I began testing the Wavecor FR4X6WA01 using the LinearX LMS analyzer and the Physical Lab IMP Box. Please note that the Physical Lab (www.physical-lab.com) IMP Box measures current and voltage measurements exactly the same as the LinearX VIBox, however, the LinearX VIBox is no longer available. This was used to create both voltage and admittance (current) curves with the driver clamped to a rigid test fixture in free-air at 0.3V, 1V, 3V, and 6V. However, the 6V curves were not linear enough for LEAP 5 to get a good curve fit, which is typical for this small a diameter driver.

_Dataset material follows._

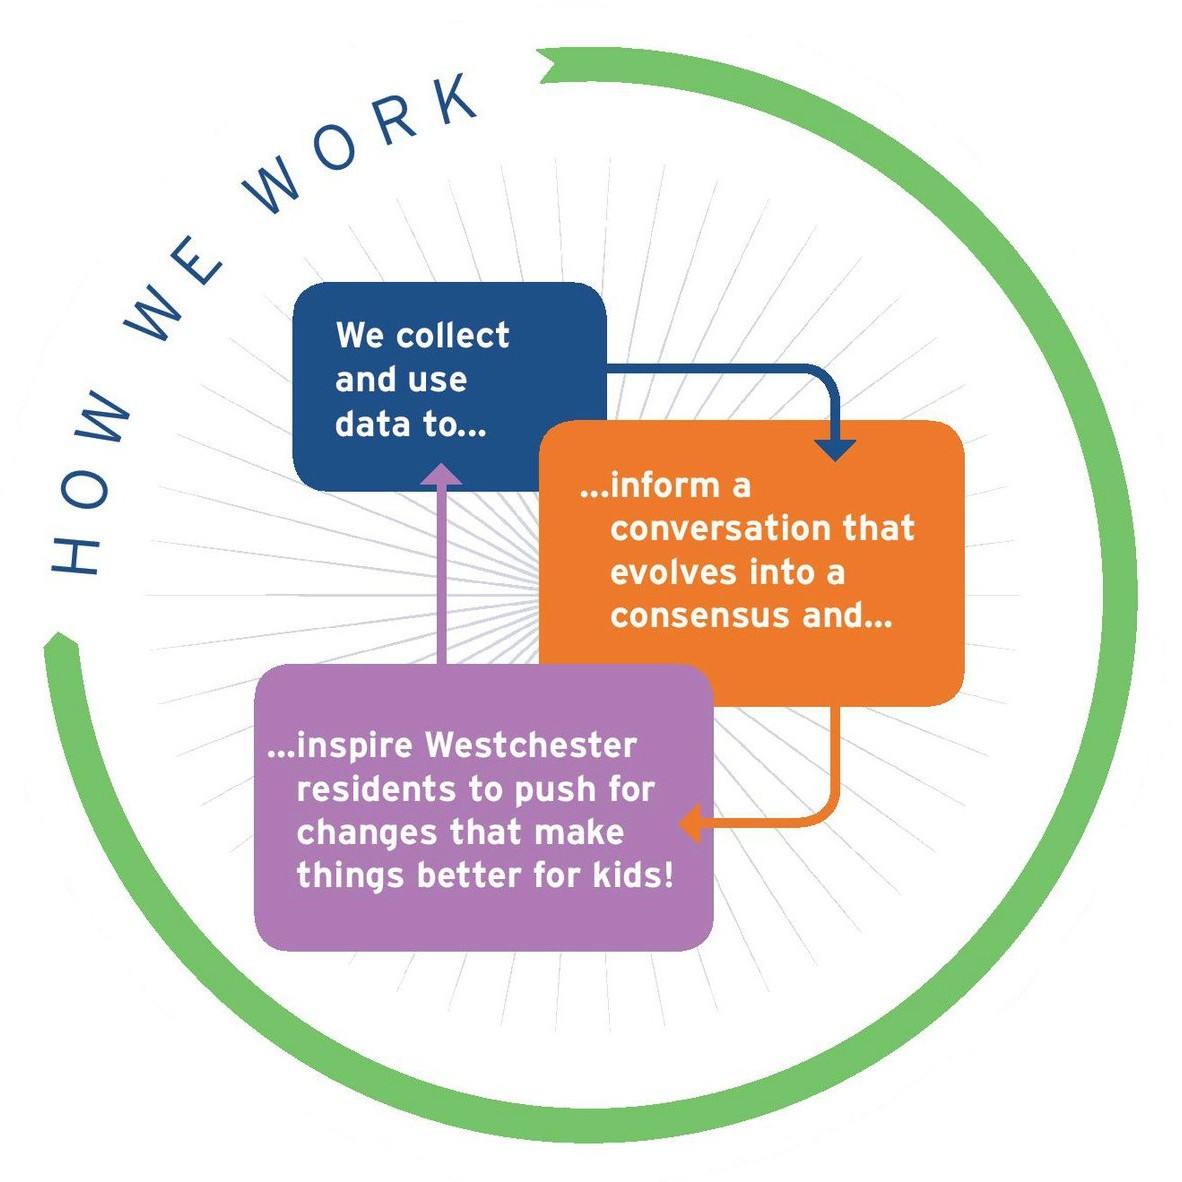 How We Work: We collect and use data to... ...inform a conversation that evolves into a consensus and... ...inspire Westchester residents to push for changes that make things better for kids!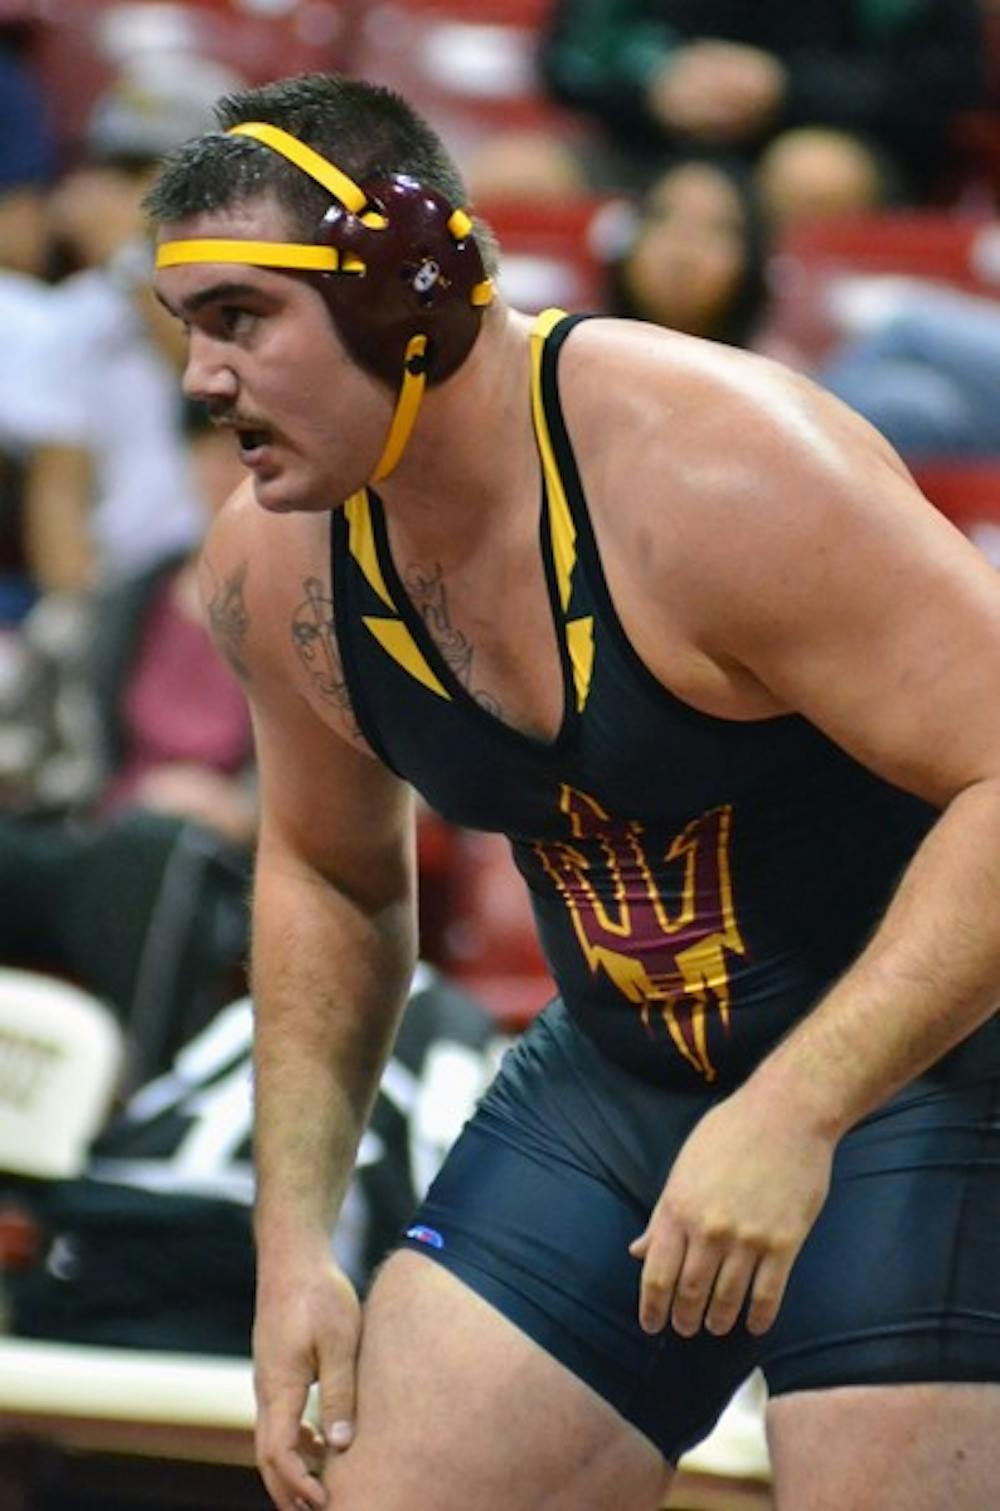 ASU redshirt junior heavyweight Levi Cooper stares down his opponent during the Sun Devils’ meet against GCU and Embry-Riddle on Nov. 13. Cooper was the only wrestler to place for the Sun Devils in the Cliff Keen Las Vegas Invitational over the weekend. (Photo by Aaron Lavinsky)

As has become the protocol for Test Bench testing, I no longer use a single added mass measurement and instead used actual measured mass, the manufacturer’s measured Mmd data (1.37 grams). Next, I post-processed the six 550-point stepped sine wave sweeps for each of the FR4X6WA01samples and divided the voltage curves by the current curves (admittance) to produce the impedance curves, phase generated by the LMS calculation method. I imported the data, along with the accompanying voltage curves, to the LEAP 5 Enclosure Shop software.

Since most Thiele-Small (T-S) data provided by OEM manufacturers is produced using either a standard driver model or the LEAP 4 TSL model, I additionally created a LEAP 4 TSL model using the 1V free-air curves. I selected the complete data set, the multiple voltage impedance curves for the LTD model, and the 1V impedance curve for the TSL model in the transducer derivation menu in LEAP 5 and created the parameters for the computer box simulations. Figure 1 shows the 1V free-air impedance curve. Table 1 compares the LEAP 5 LTD and TSL data and factory parameters for both of the FR4X6WA01 samples.
 
Figure 1: Wavecor FR4X6WA01 1V free-air impedance plot.
Table 1: Comparison data for the Wavecor FR4X6WA01 transducer.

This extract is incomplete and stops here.